The cost of insuring against potential losses on General Electric Co.’s bonds rose this week as a larger-than-expected charge and growing debt pressures spooked investors.
The premium on GE’s five-year credit-default swaps has jumped almost 20 basis points to 57 basis points since last Friday, which means that it would now cost $57,000 annually to protect $10 million of GE debt, according to data provider CMA. The cost of the swaps rose above a benchmark credit-default swaps index for the first time in more than a year. The Markit CDX North America Investment Index was trading at 48 basis points.
That said, the jump hardly indicates that GE is in imminent danger of defaulting on its A rated debt. The cost of credit-default swaps on GE has risen from a five-year low earlier this month and is still a fraction of levels seen during the Great Recession in 2008.
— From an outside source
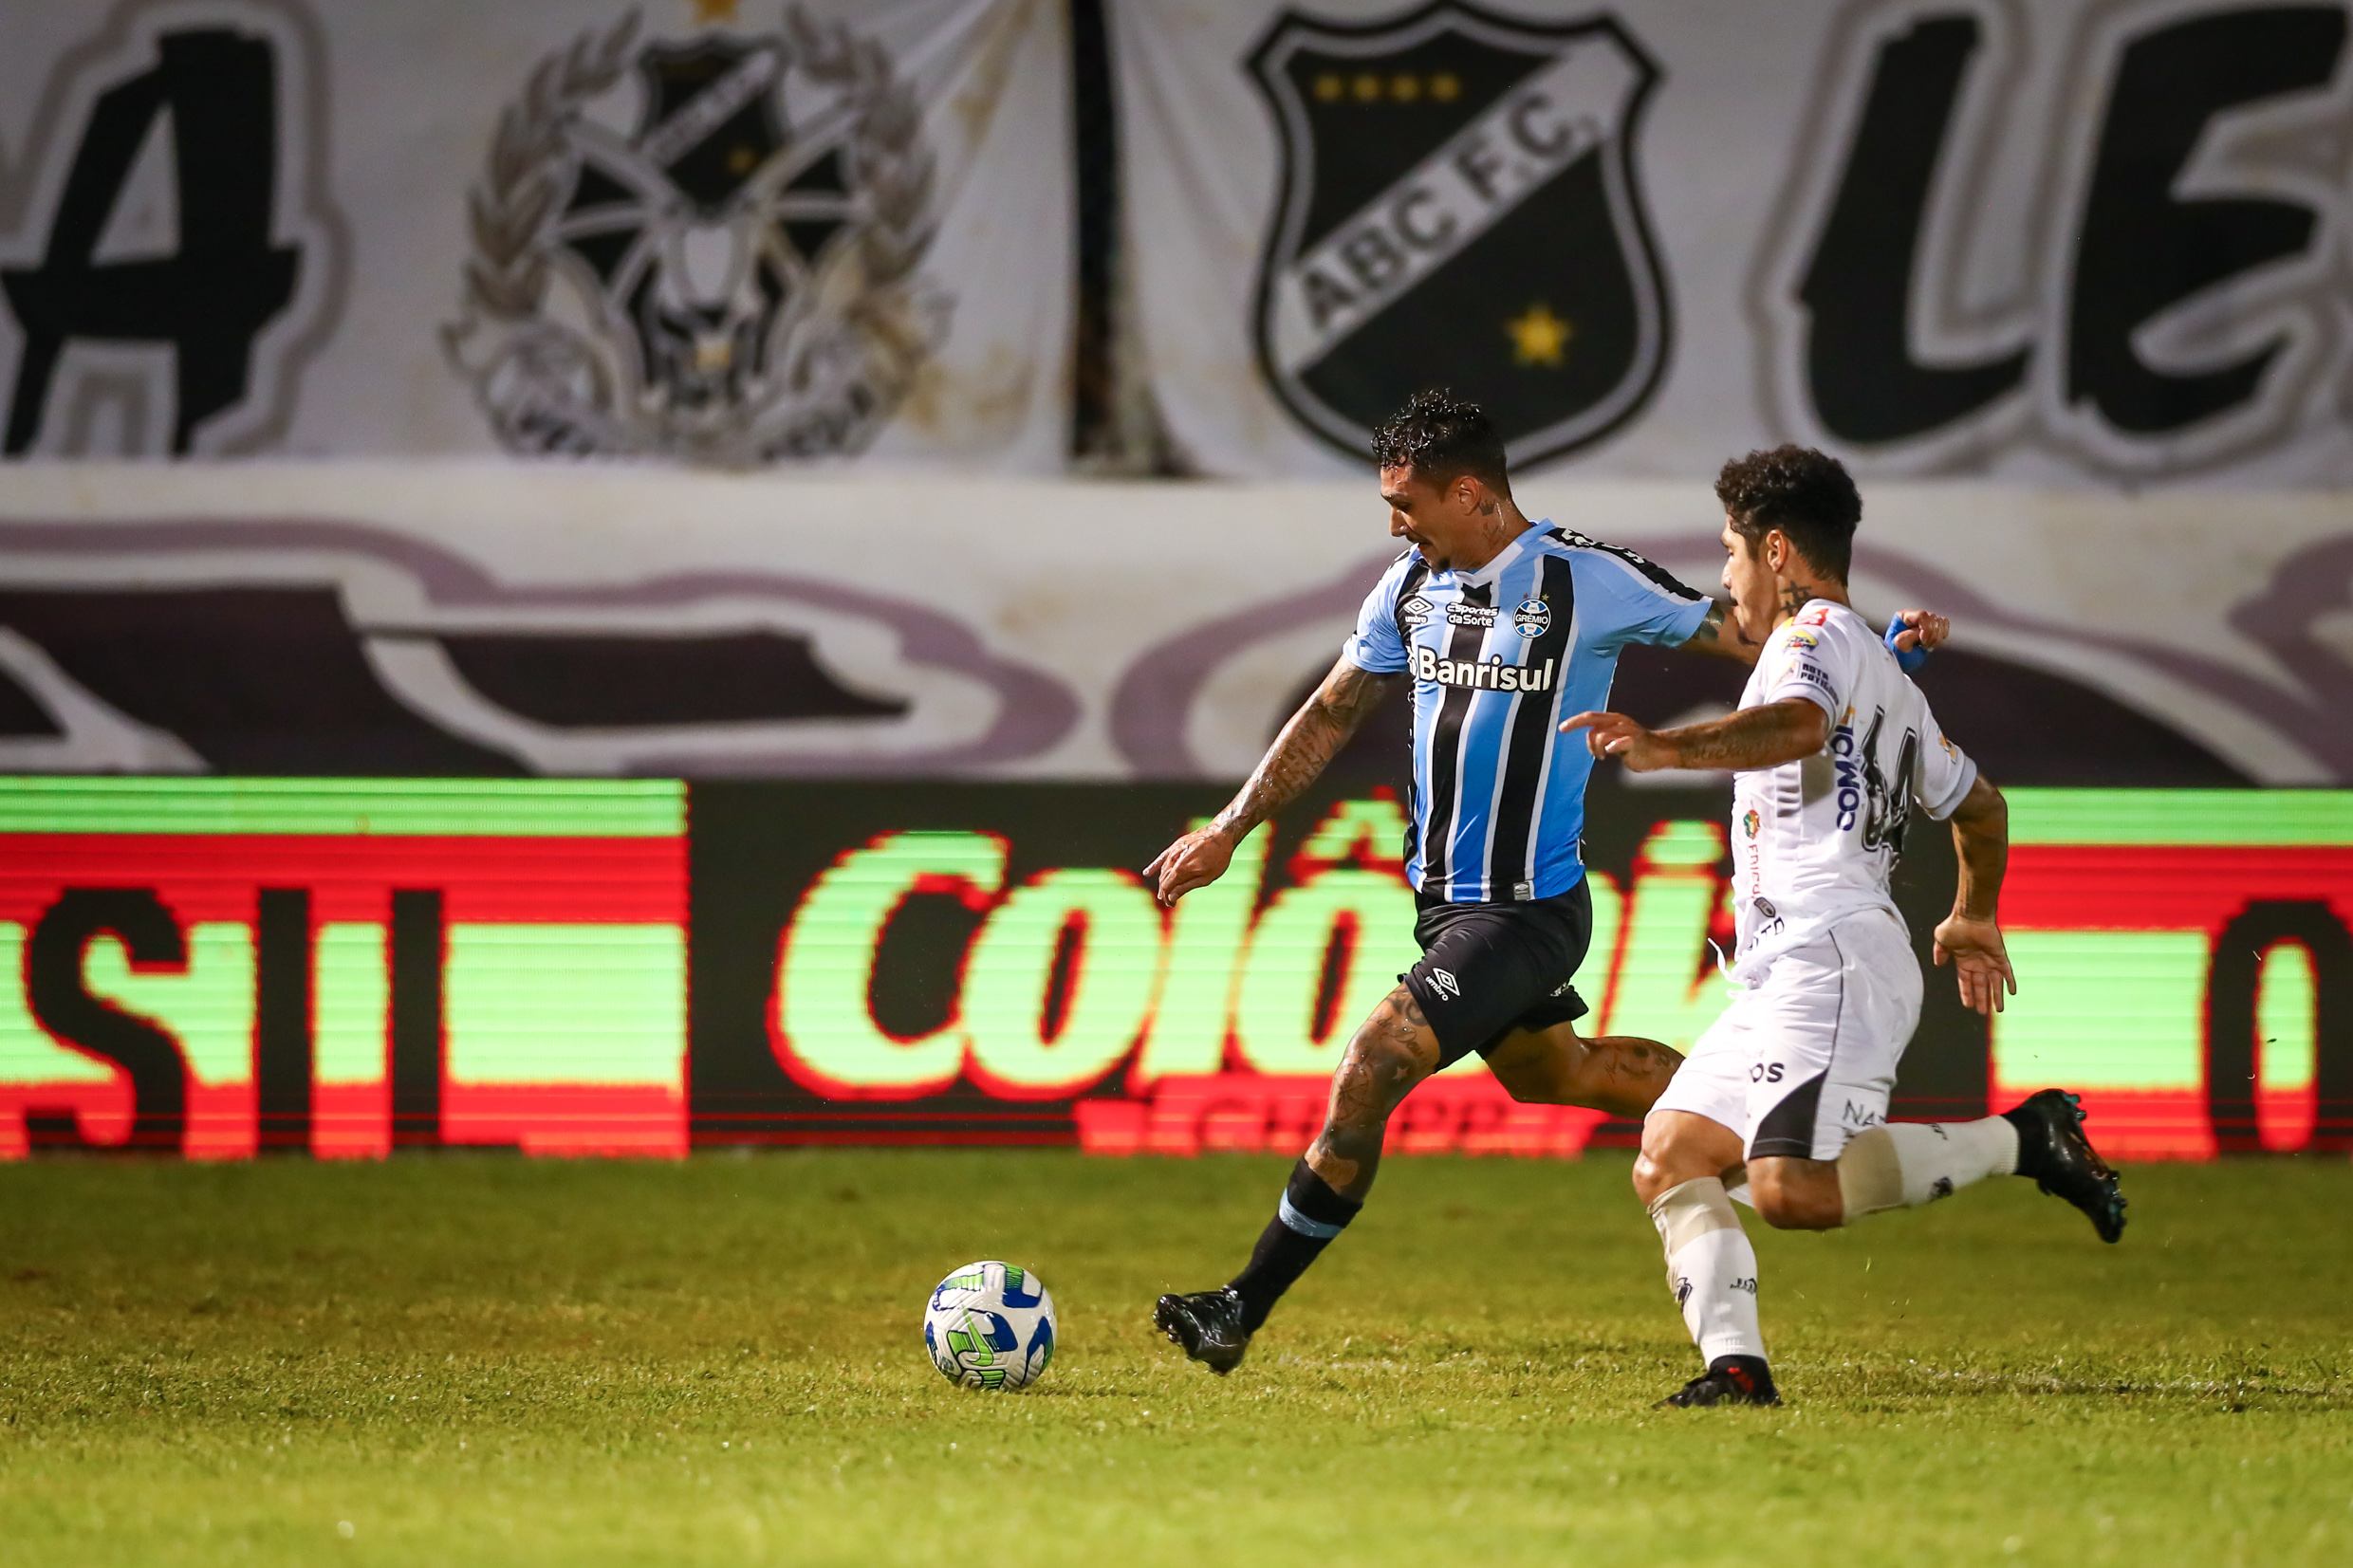 Grêmio vs ABC: Clash of Goliath and David

A GE representative declined to comment.
The Boston-based company unnerved investors when it disclosed that it would take a $6.2 billion charge and set aside $15 billion in the coming years to add to reserves for a portfolio primarily of long-term care insurance policies. The announcement, along with comments from Chief Executive Officer John Flannery suggesting GE may break into separate companies, reignited fears over the problems GE still has to deal with across its industrial and financial businesses.
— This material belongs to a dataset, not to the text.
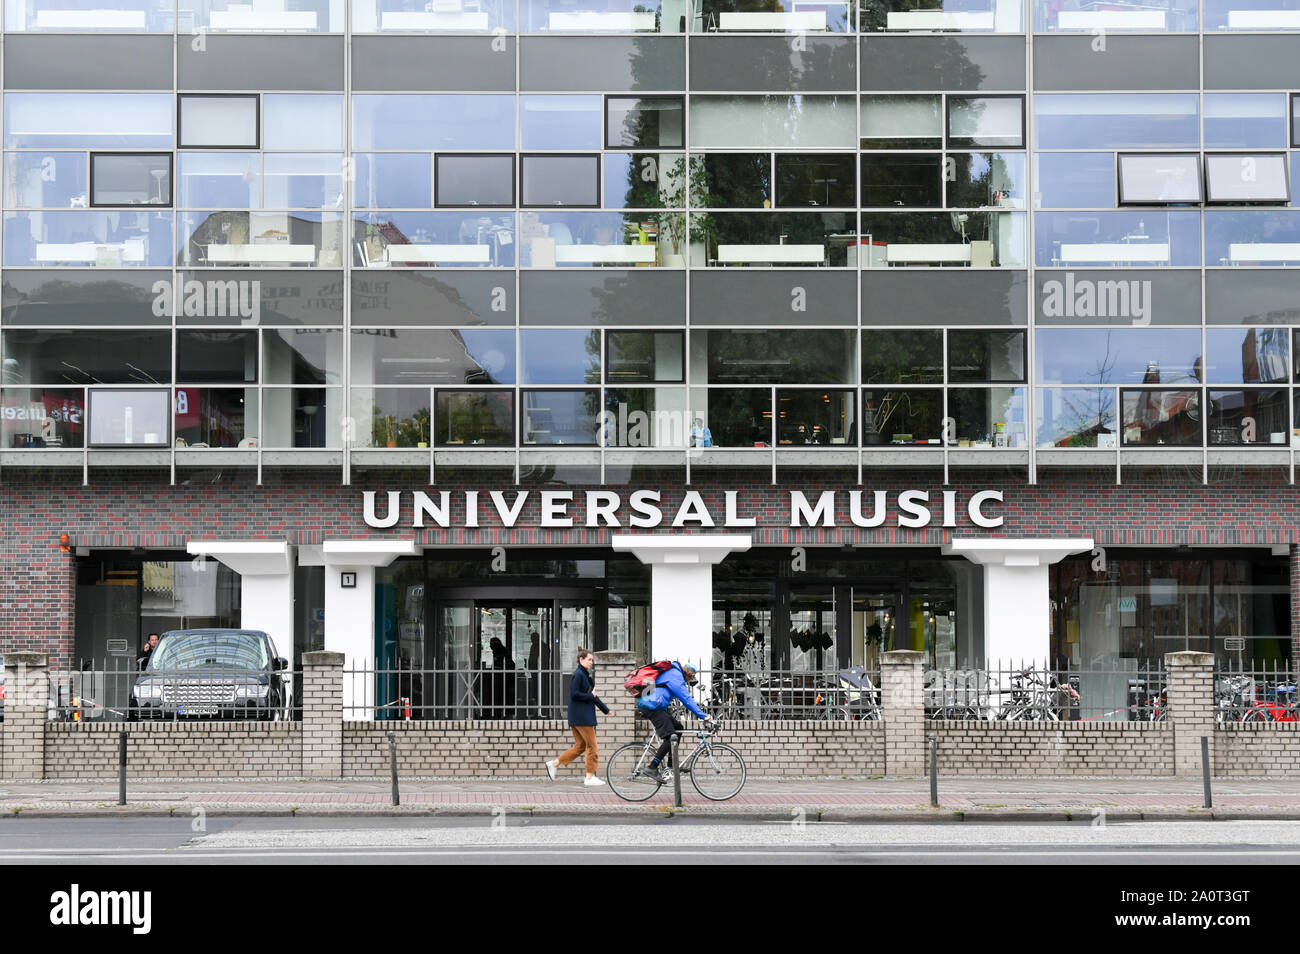 17 de septiembre de 2019, Berlín: la entrada y la fachada de Universal Music GmbH en Stralauer Allee. Foto: Jens Kalaene/dpa-Zentralbild/ZB Foto de stock

“It came with no prior announcement," said Joel Levington, credit analyst at Bloomberg Intelligence. “It makes you wonder what other skeletons they have in the closet.”
The company’s bonds have also been hit in the past week to trade multiple notches below their assigned credit ratings, according to a report by Levington. Ratings firms were unfazed though, as the major U.S. credit graders affirmed their investment-grade ratings for the company.